Athanasius retells the Christmas story as a struggle involving the whole universe, underscoring its importance for his message. He moves beyond simple sweetness or just historical views, placing the empire’s power alongside the quiet strength of Christ’s simple birth. Where others see only a child in a manger, Athanasius sees a revolution: the incarnation as God’s bold action in the world of power.

Jesus was born during a time of empire, census, displacement, and fear (Luke 2:1–7). Caesar Augustus claimed to bring peace, but did so through taxes and military force. Joseph and Mary travelled because of an imperial order. Jesus was born not in a palace, but in a borrowed place, far from power. For Athanasius, this is important. While the empire tries to keep order, creation is falling apart (Athanasius, On the Incarnation 4).

Athanasius says that humanity’s problem is not only moral failure, but also corruption. God made people from nothing and keeps them alive through relationship. When people turn away from God, they move toward nothingness (Athanasius, On the Incarnation 4–5; Genesis 1:26–27; Romans 1:21). Sin breaks things apart. Death serves as more than a punishment; it is what happens when we separate from the source of life (Romans 6:23).

Athanasius sees Christmas as the turning point, the moment when God enters humanity’s broken world.

The incarnation shows that God does not abandon creation. The Word does not rule from far away or just send messages from heaven. The Word becomes flesh (John 1:14). For Athanasius, being truly human is essential. Salvation cannot happen from a distance. Healing requires closeness. What is not assumed cannot be restored (Athanasius, On the Incarnation 8–9).
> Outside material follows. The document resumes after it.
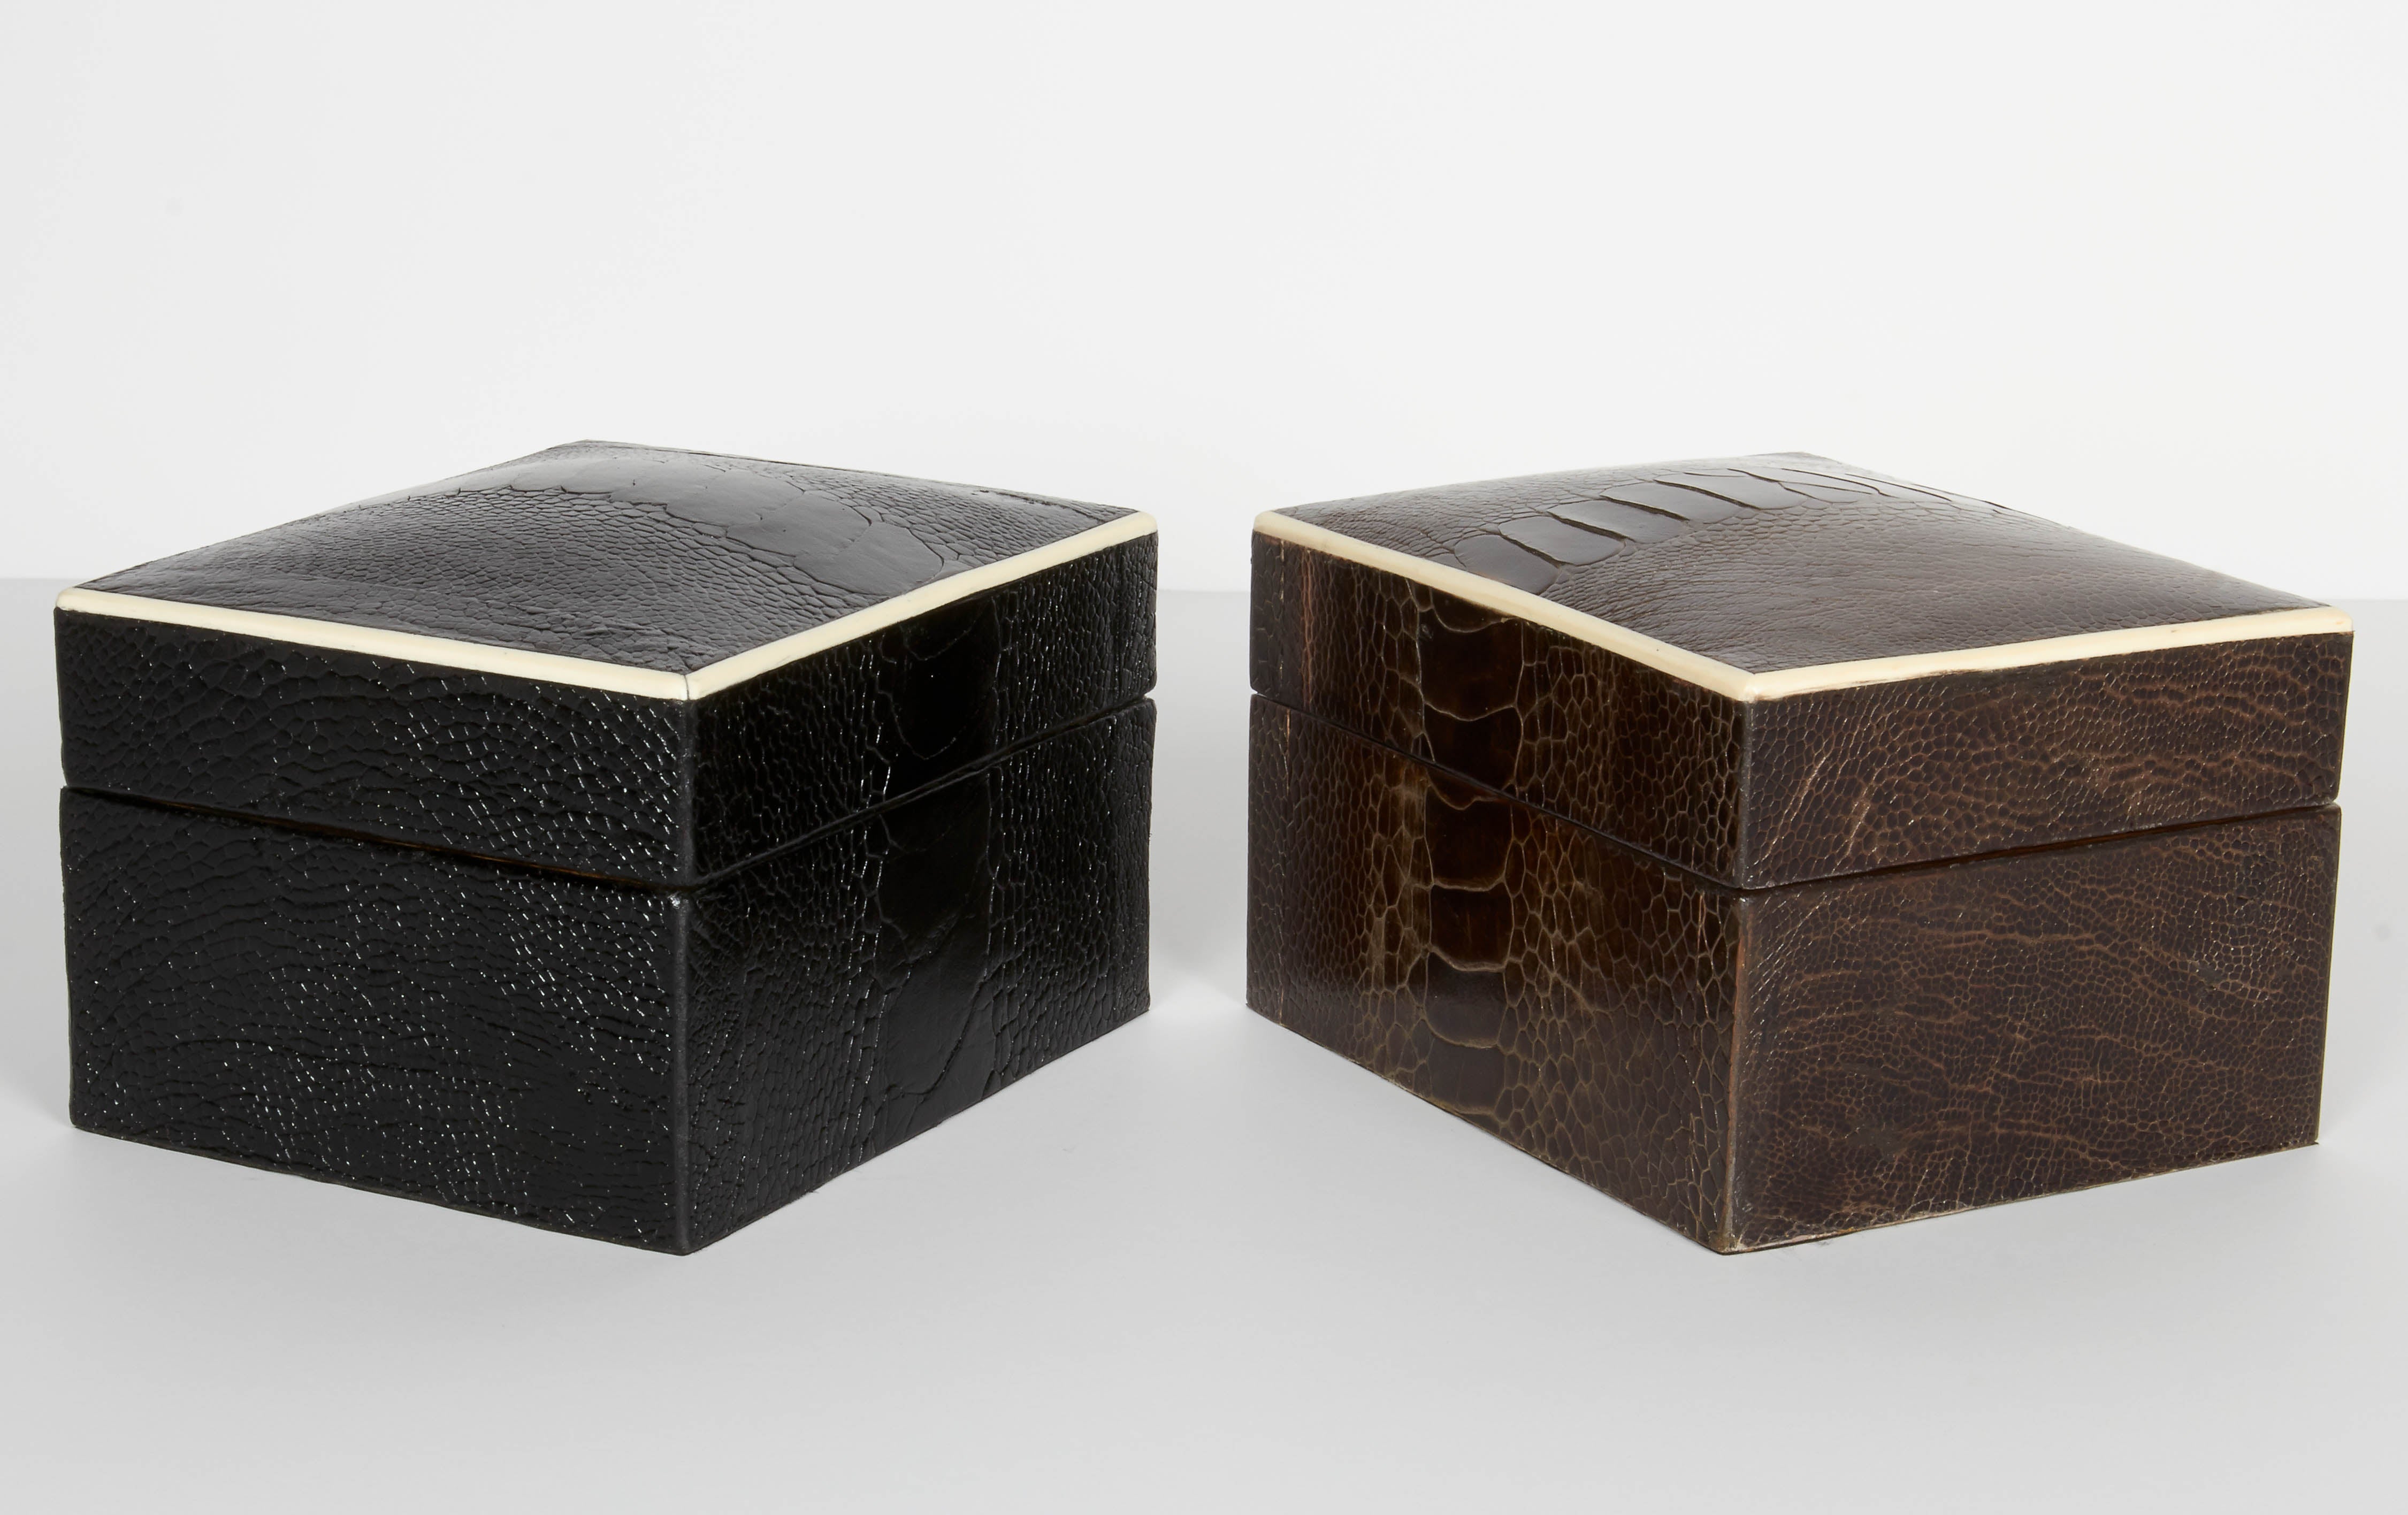 Stunning organic modern decorative boxes wrapped in exotic ostrich leather with bone inlay trim. All handcrafted in fine leather available in espresso brown or black ebony, with palm wood interiors. Mid-century modern style make great desk and

Athanasius focuses on Christ’s body for a reason. The manger leads to the cross, not simply a feeling, but as a core belief. The body placed in the straw is the same body placed in the tomb (Athanasius, On the Incarnation 20; Luke 23:46). God chooses to be fully vulnerable from the beginning. Hunger, tiredness, suffering, and death are not too low for God (Hebrews 2:17).

The Controversy

The Arian controversy questioned whether Christ was truly God. It said the Son was separate and lower than the Father. Arians said that if the Son was born, there was a time when he did not exist. This made him a created being, not the Creator. The idea made God seem easier to understand by making the Son less than fully God. These arguments became popular because they seemed logical and because explaining the Trinity is hard. However, Athanasius challenges this by asking: How can something created save all of creation? He argues that if death holds humanity, only the Author of life can break that hold (Athanasius, On the Incarnation 7; Acts 2:24). Therefore, when the immortal Word enters death, death meets what it cannot control. Athanasius says the resurrection is not an afterthought, but the public result of what the incarnation began (Athanasius, On the Incarnation 25; 1 Corinthians 15:54–57).

Athanasius shows that incarnation and salvation go together. What we believe about Christ is linked to what we believe about humanity. To say Christ is truly human also says something about all people (Athanasius, On the Incarnation 54; Romans 8:29). Jesus is not an exception; he reveals what it means to be human. Salvation brings humanity back to what it should be.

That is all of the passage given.